▶ [Data]:
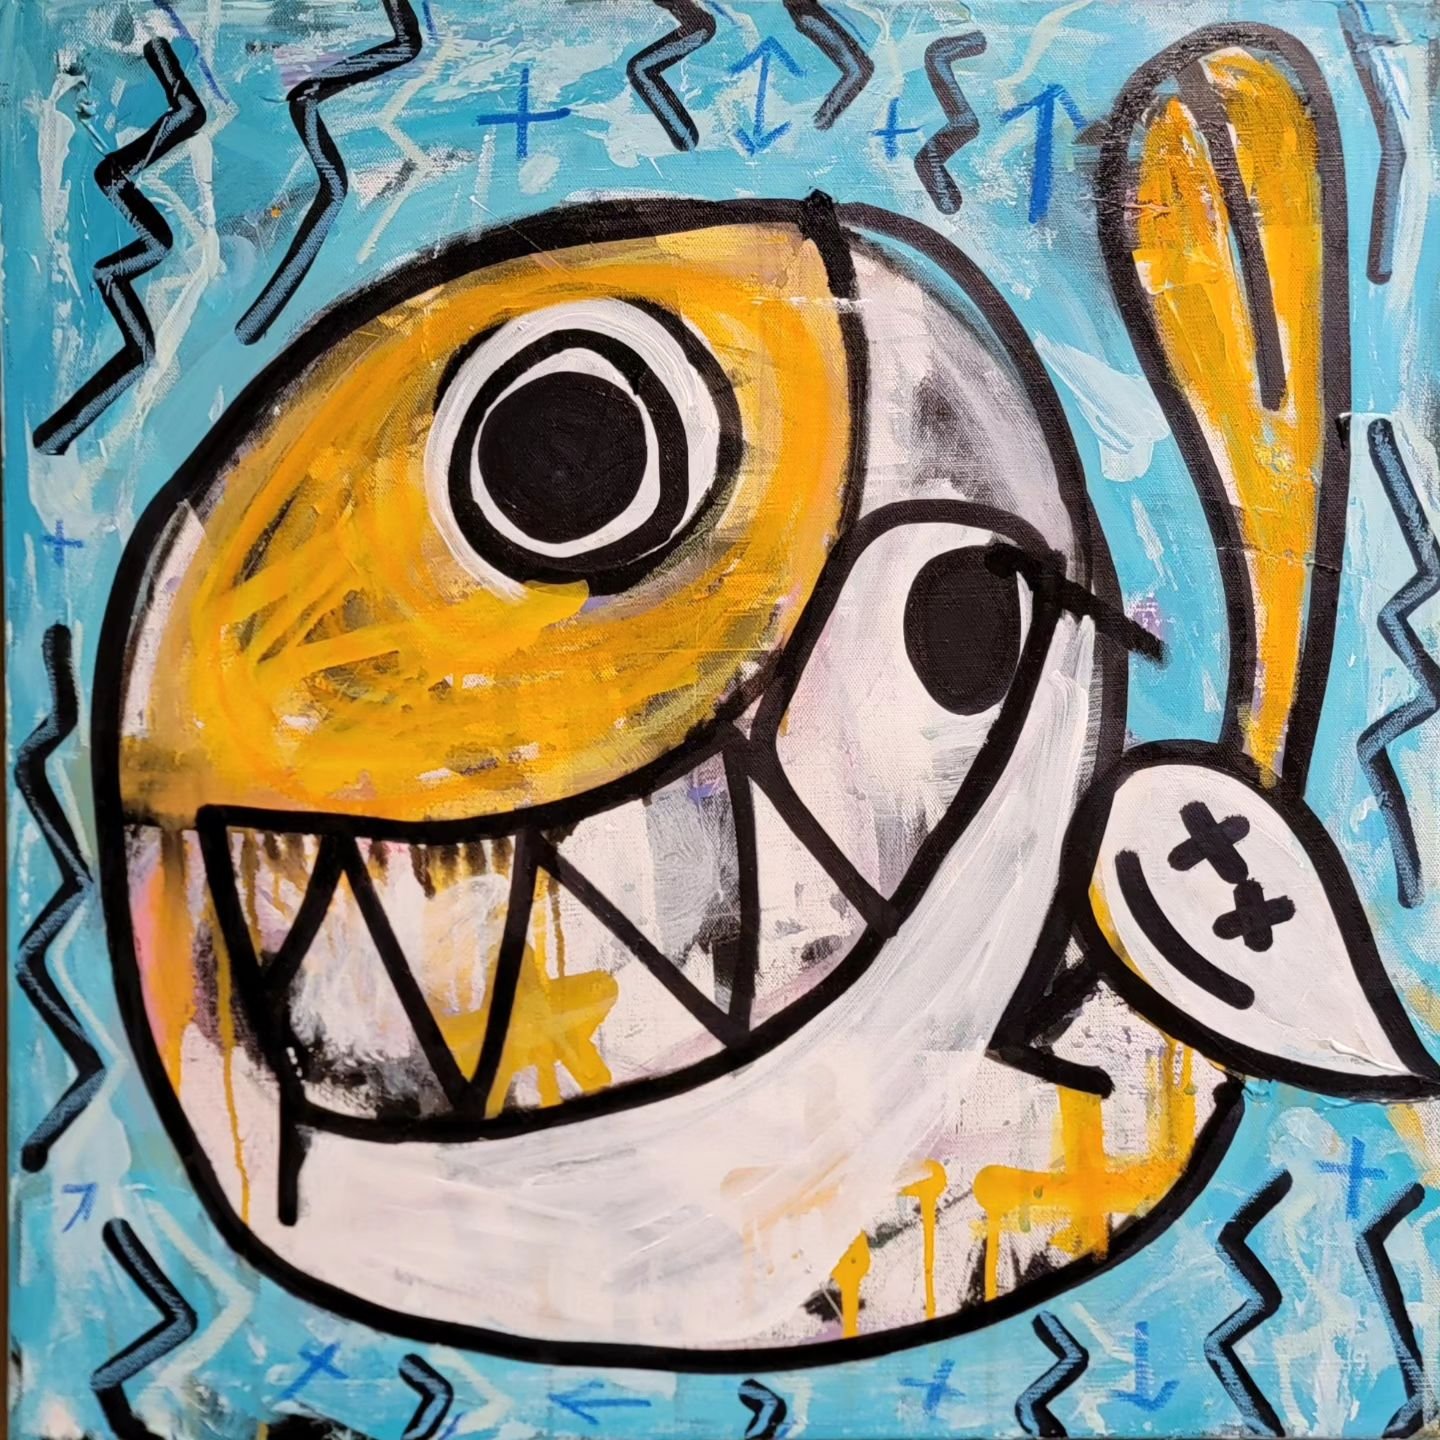 #Buddy
24x24 Acrylic and oil pastel on Canvas

#artoftheday #streetart #acryliconcanvas #loft #homedecor #jasonpikenart #abstract #abstractartist #fish #nyc #greenpoint #greenpointbrooklyn

▶ [Exercise prompt]: Return all the data exactly, and keep the pictures out.

▶ [Answer to this task]:
 #Buddy
24x24 Acrylic and oil pastel on Canvas

#artoftheday #streetart #acryliconcanvas #loft #homedecor #jasonpikenart #abstract #abstractartist #fish #nyc #greenpoint #greenpointbrooklyn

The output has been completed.